I lived in New York in the 1970s, when the city was teetering near bankruptcy. The place was weedy, seedy, wild, raunchy, cheap, creative and, in many ways, far easier to live in than its current corporatized, manicured, hyper-policed incarnation. Back then, the landlord might have neglected to send up the heat now and then. But he wasn’t trying to force you out to make room for the next sports-stadium-cum-luxury-condominium mega-development.
Friends who grew up in Vermont or moved here in the 1960s or ’70s admit to similar feelings. Back then, good jobs in the state were few. Land was literally dirt-cheap; 25 years ago, my partner bought his house and 40 acres in Hardwick for $36,000. Vermont was poor. But a limited number of decent-paying jobs and low property values also kept communities stable.
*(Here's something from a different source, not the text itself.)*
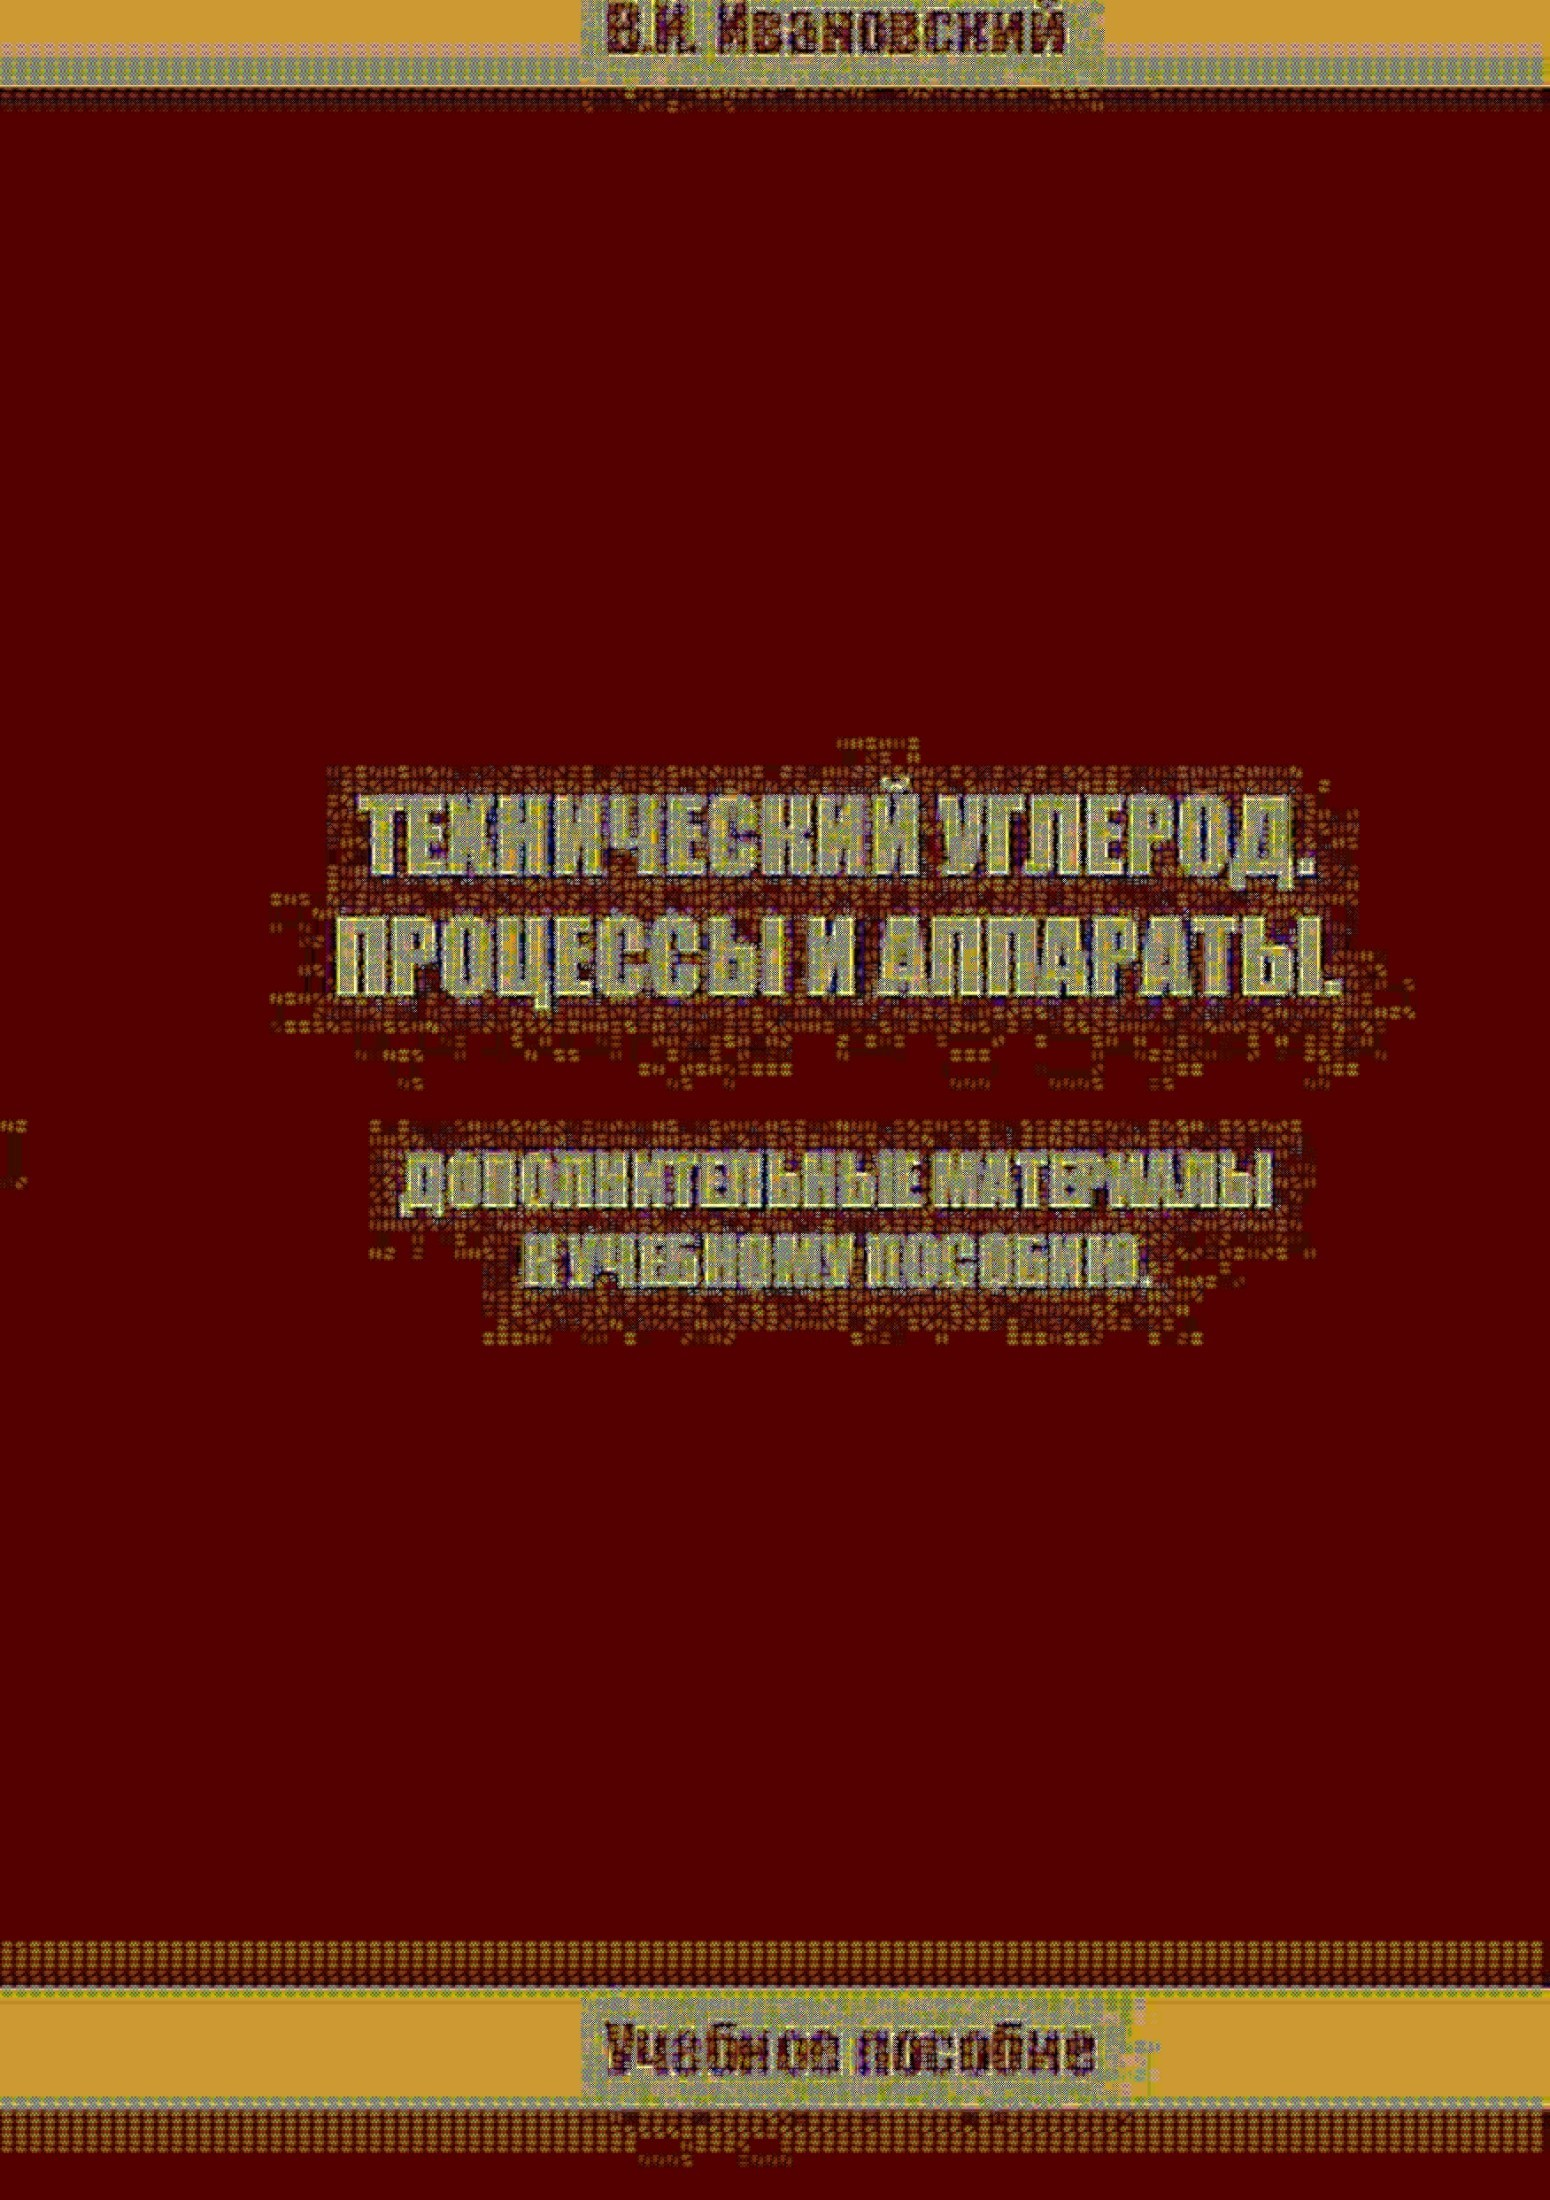 Владимир Иванович Ивановский. Технический углерод. Процессы и аппараты. Дополнительные материалы

Generation after generation could buy homes and take up their fathers’ and mothers’ trades, plant a garden, volunteer at church, and drop the kids off after school at Grandma’s a few houses away. Nobody was renovating the farmhouse down the road, then demanding that the farmer next door clean up that smelly manure.
I don’t want to rewrite history all fuzzy and nostalgic.
As I've written before, you can't make stuff like this up.
Link courtesy of Art Wolff (who works in Vermont but who bears absolutely no responsiblity for the columnist's views).
Way less over the top, but still a little strange, is this LA Times writer's hurrah for a recession:
But for the moment, I can't help but feel that this recession -- or at least the evanescent moment before it kicks into high gear -- offers a kind of coziness you rarely feel in a booming economy.
. . . business models have to change. Anybody's who's read Carl Shapiro and Hal Varian's Information Rules knows this, as does anybody who took NC State's ECG514, "The Economics of Information Goods".
But if you haven't had those opportunities, and would like to a way to quickly catch up--and also learn a little about the history of disposable razor blades--I recommend Chris Anderson's "Free! Why $0.00 Is the Future of Business", (Wired magazine, three months ago; link courtesy of my older daughter.)
. . . and it's very rewarding": encouraging kids to read.
True dat.
Theresa Fagan, mother of eight, lists some of her family's favorite books.
I'll add, for little kids, the all-time classic, Goodnight Moon, and for middle-schoolers, the magnificent, Pulitizer Prize-winning novel by Marjorie Kinnan Rawlings, The Yearling.
(In 7th grade I wrote Ms. Rawlings a fan letter, and she wrote me back. Eat your hearts out.)
From CBS News, your tax dollars at work:
The salmon population is mysteriously dwindling in California and Oregon. . . .
Consider that the lost salmon catch amounts to $22 million dollars. Federal officials put the economic ripple effect including businesses like charter boats and ice houses at $82 million.
But taxpayers are being forced to shell out $174 million. That's on top of $60 million given out last year.
The salmon bail-out is so huge, it might not have survived debate in Congress. But it didn't have to, thanks to California's own Congresswoman Nancy Pelosi. She used her clout as Speaker of the House to insert the massive salmon relief into the Farm Bill as an earmark without a vote.
(The Door has much love for salmon and therefore for Pacific salmon fishermen, but thinks there almost certainly has to be a more cost-effective way to address the problem.)